- _Supplied material_
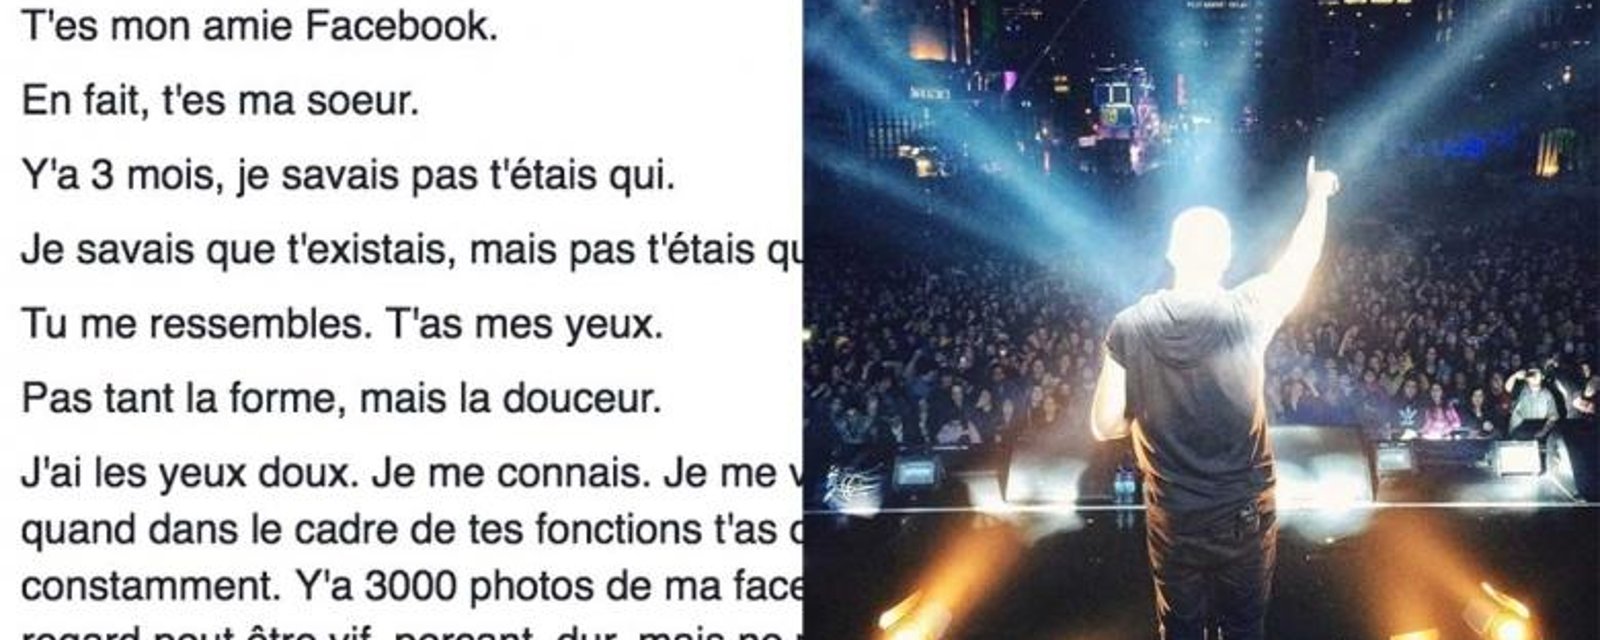 Un populaire chanteur québécois découvre qu'il a une soeur sur Facebook!
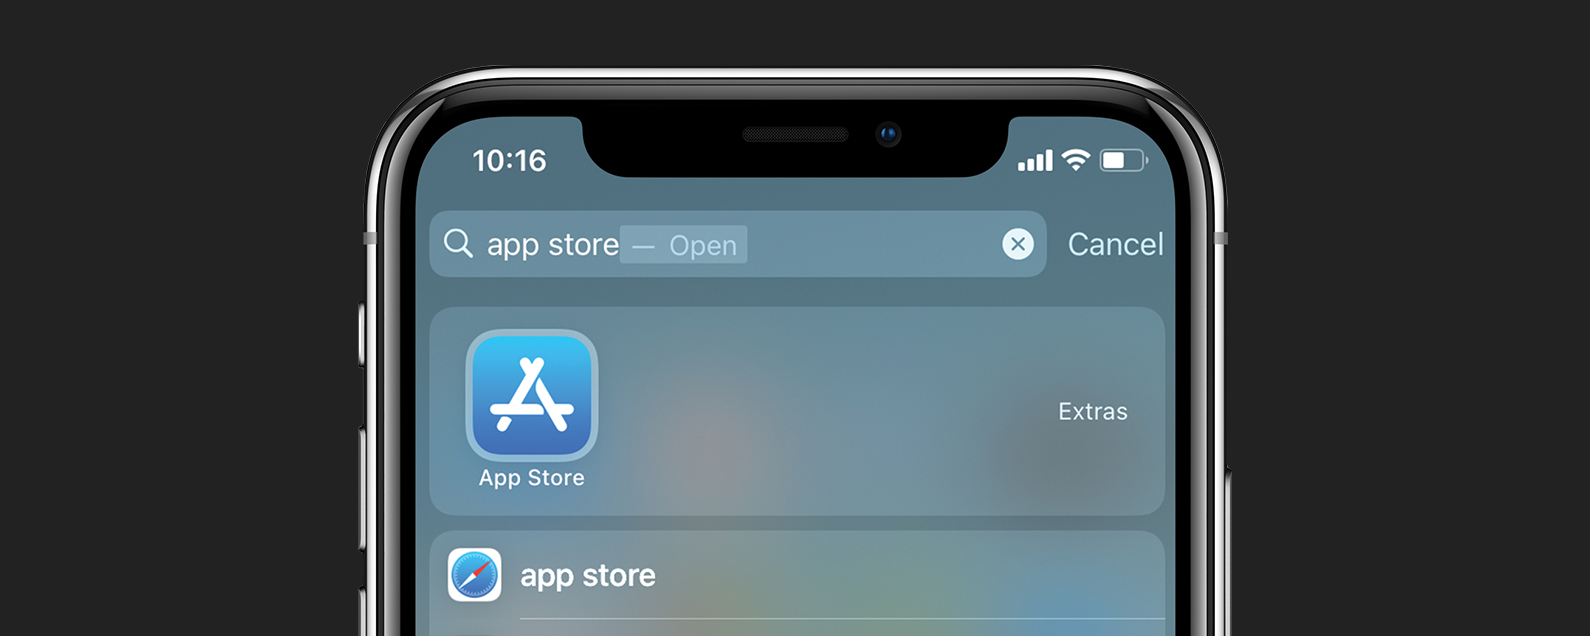 app store app is missing
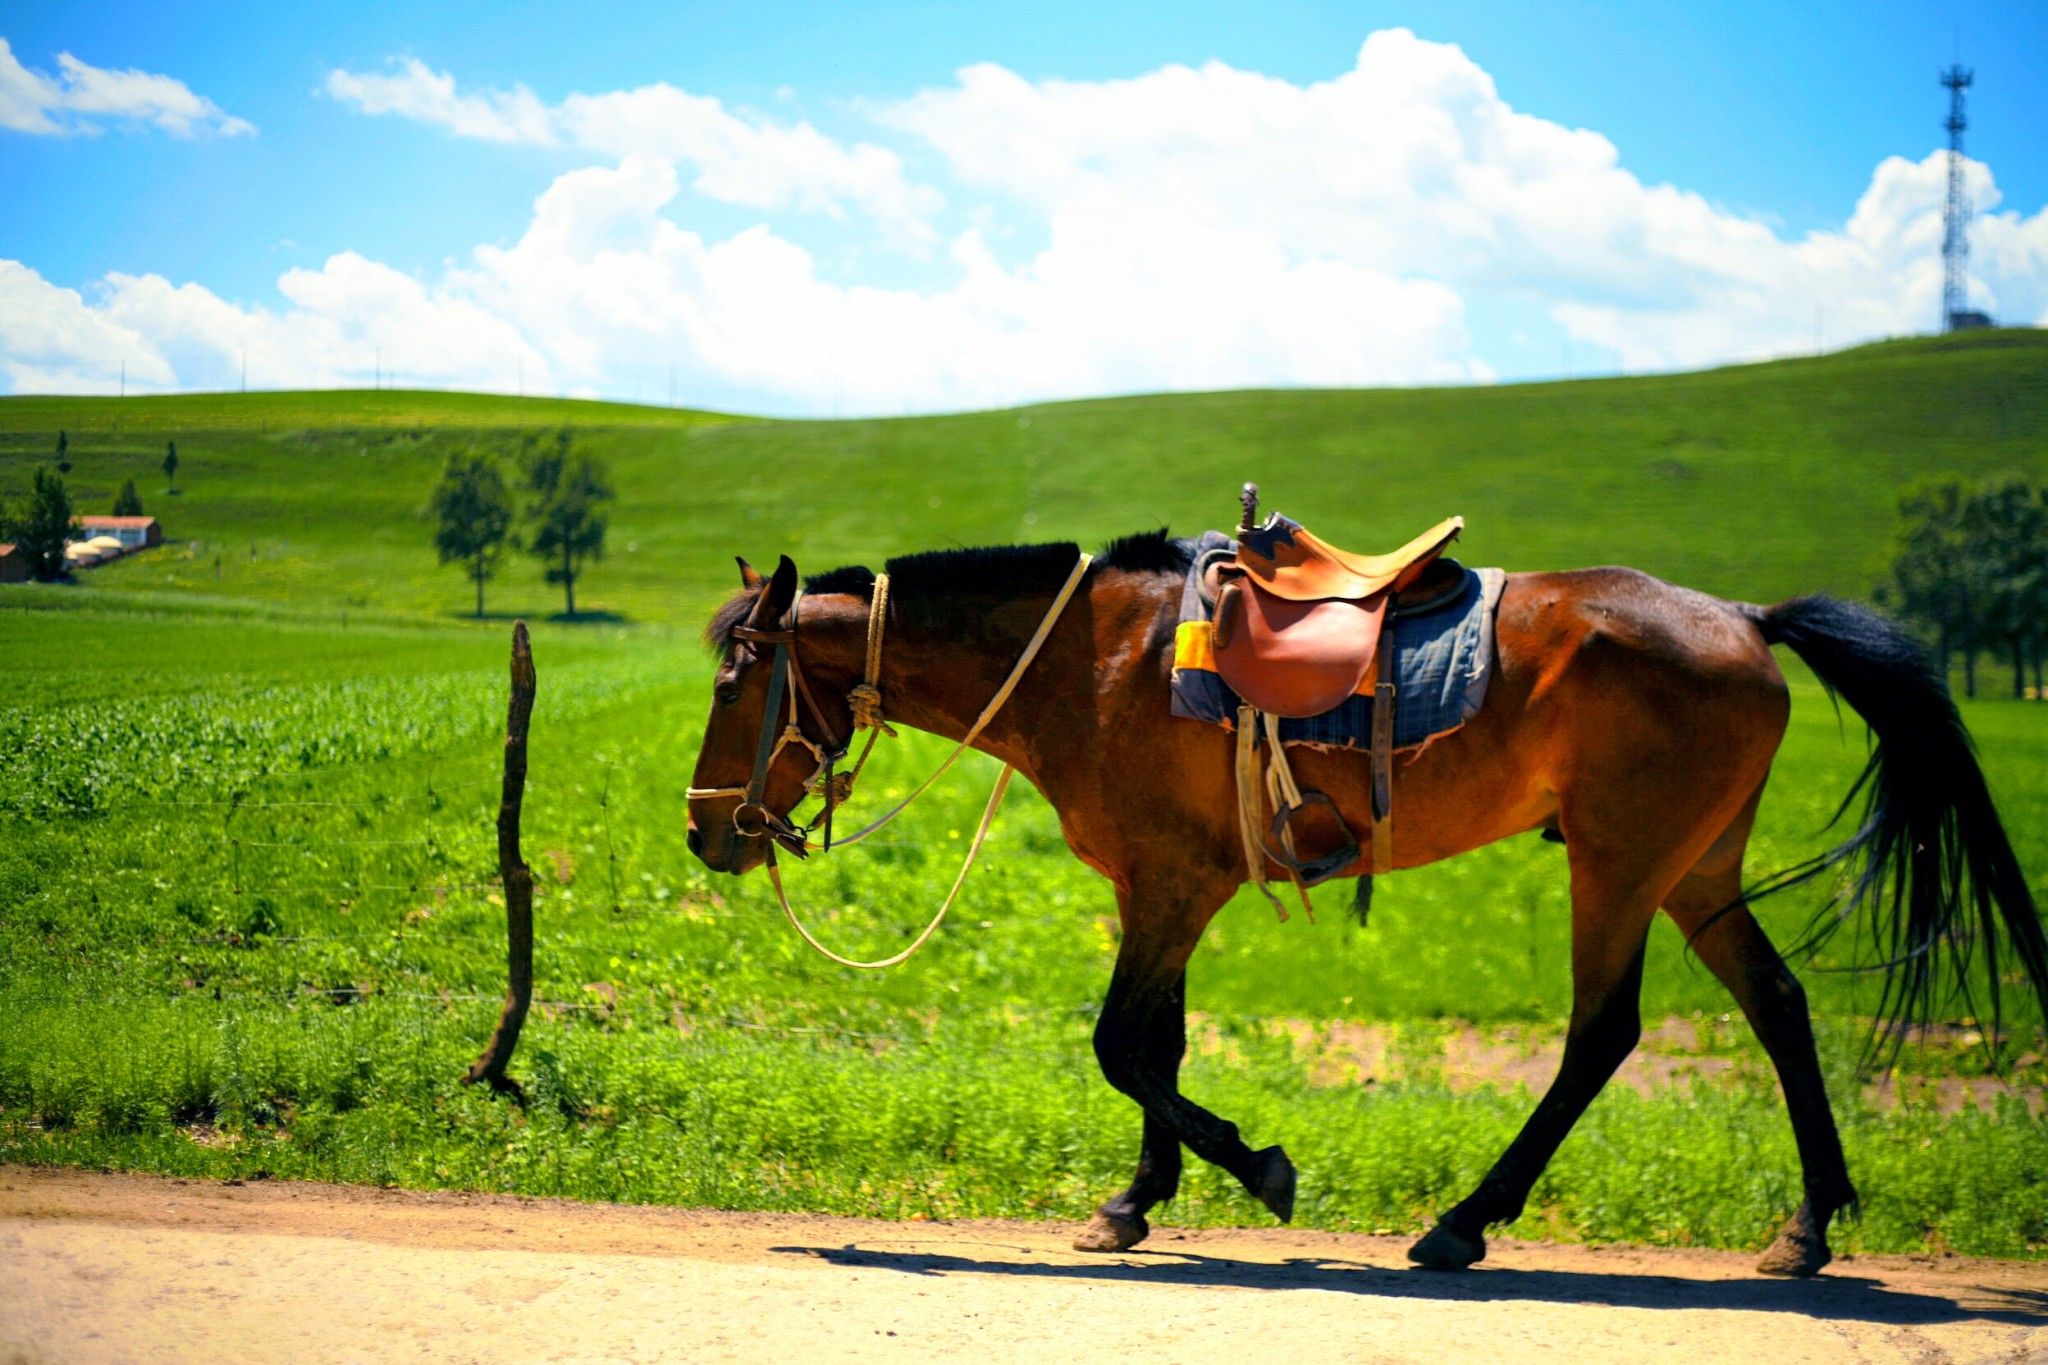 大美草原--骑马。6月17日摄于丰宁坝上草原 - 花粉随手拍 花粉俱乐部

- _What you will do_
The aim is an exact repeat of the entire listing, stripped of pictures.

- _Task output_
 Un populaire chanteur québécois découvre qu'il a une soeur sur Facebook!
 app store app is missing
 大美草原--骑马。6月17日摄于丰宁坝上草原 - 花粉随手拍 花粉俱乐部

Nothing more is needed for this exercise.